_Goal of the exercise:_
In the entries that follow, find the line containing "View of Brooklyn" and the line containing "Graphic for Pinterest", then copy exactly everything from the first through the second except the pictures.

_Input records:_
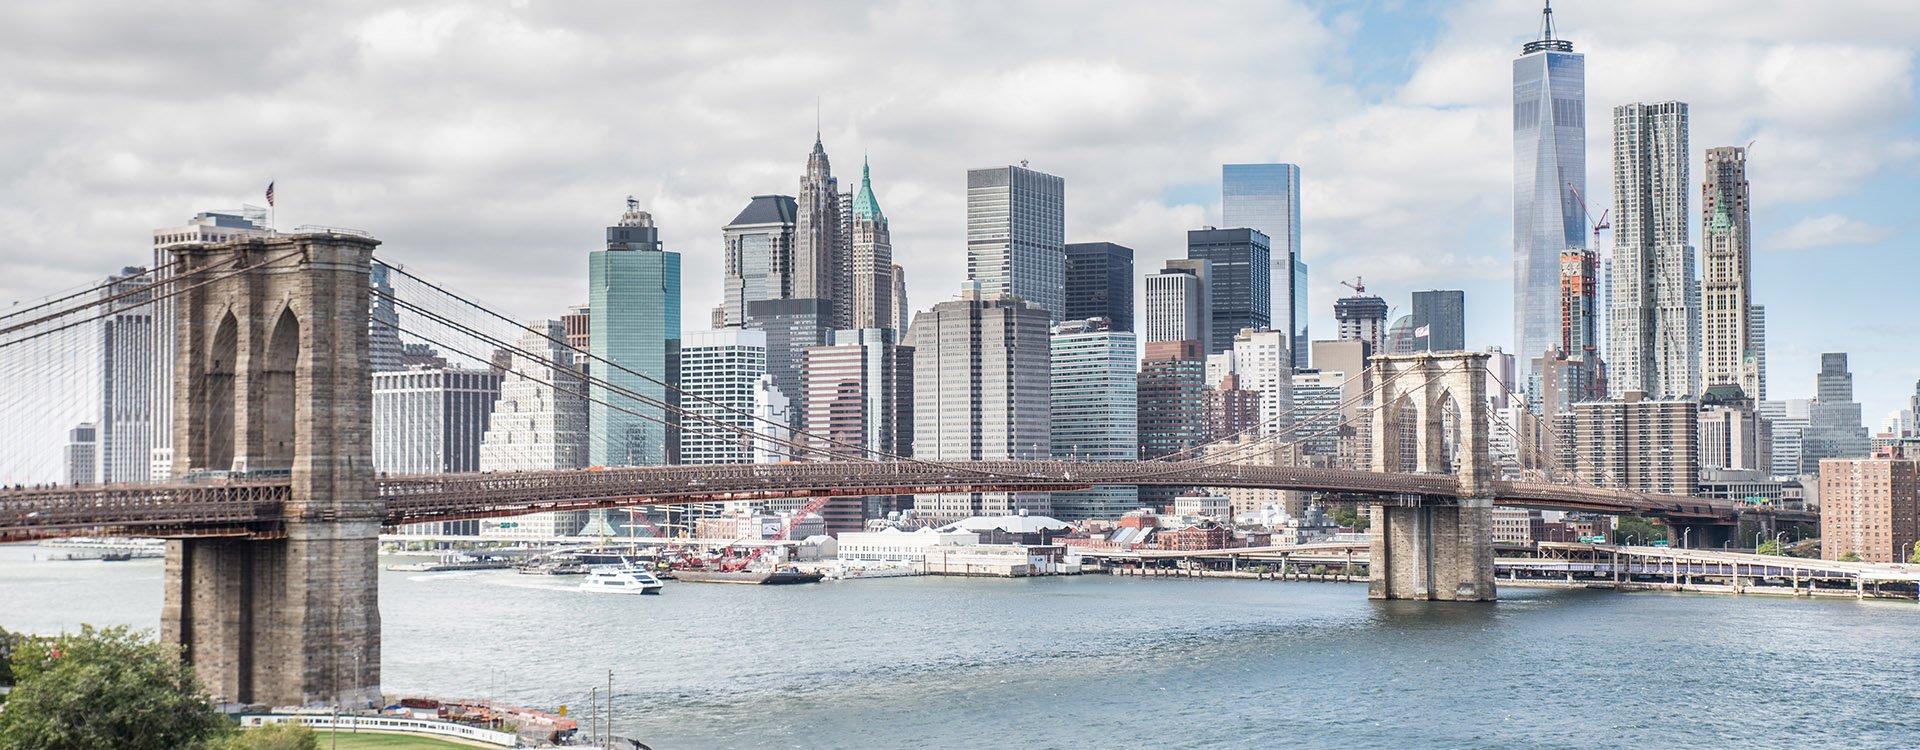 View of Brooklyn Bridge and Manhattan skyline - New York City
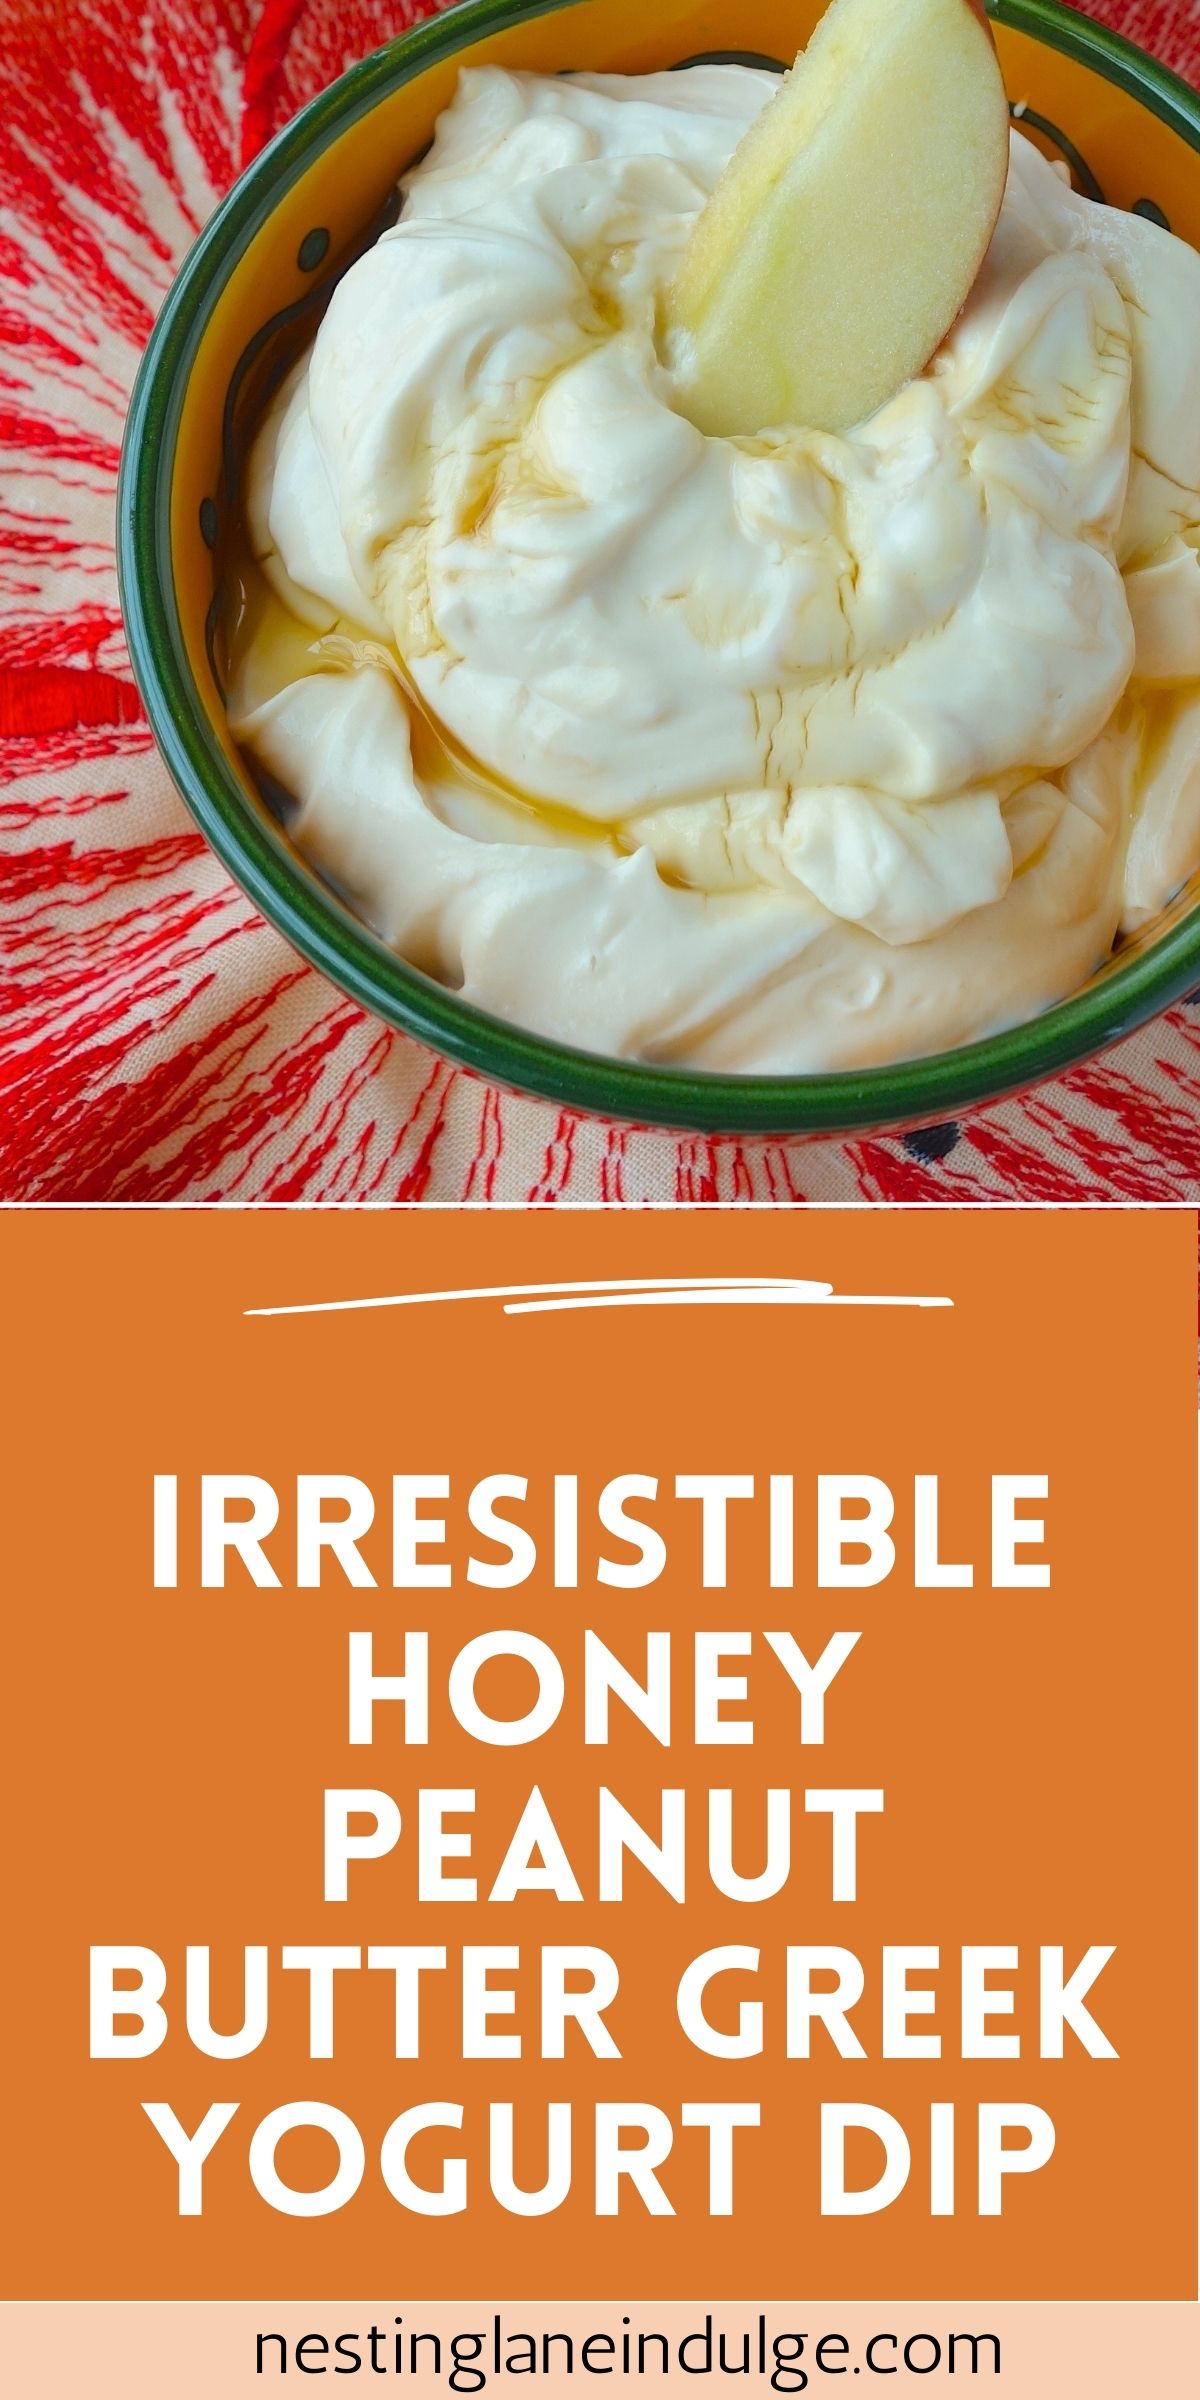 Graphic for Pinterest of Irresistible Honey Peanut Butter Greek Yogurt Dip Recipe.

==

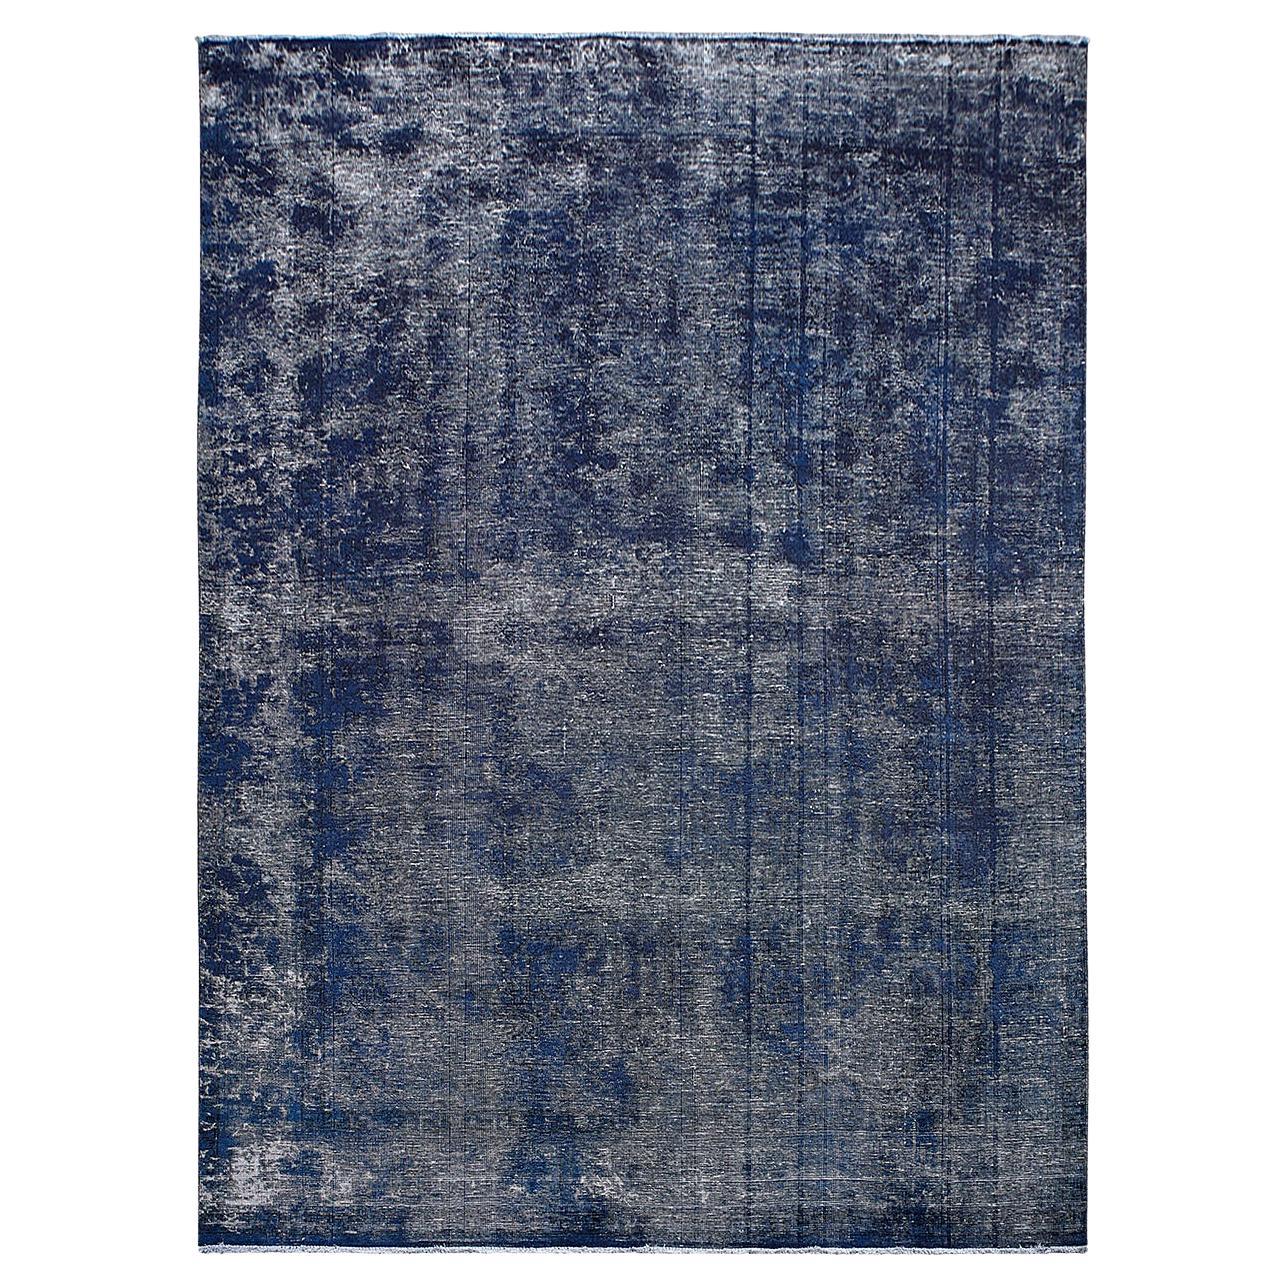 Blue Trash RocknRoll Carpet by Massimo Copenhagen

_Result:_
 View of Brooklyn Bridge and Manhattan skyline - New York City
 Graphic for Pinterest of Irresistible Honey Peanut Butter Greek Yogurt Dip Recipe.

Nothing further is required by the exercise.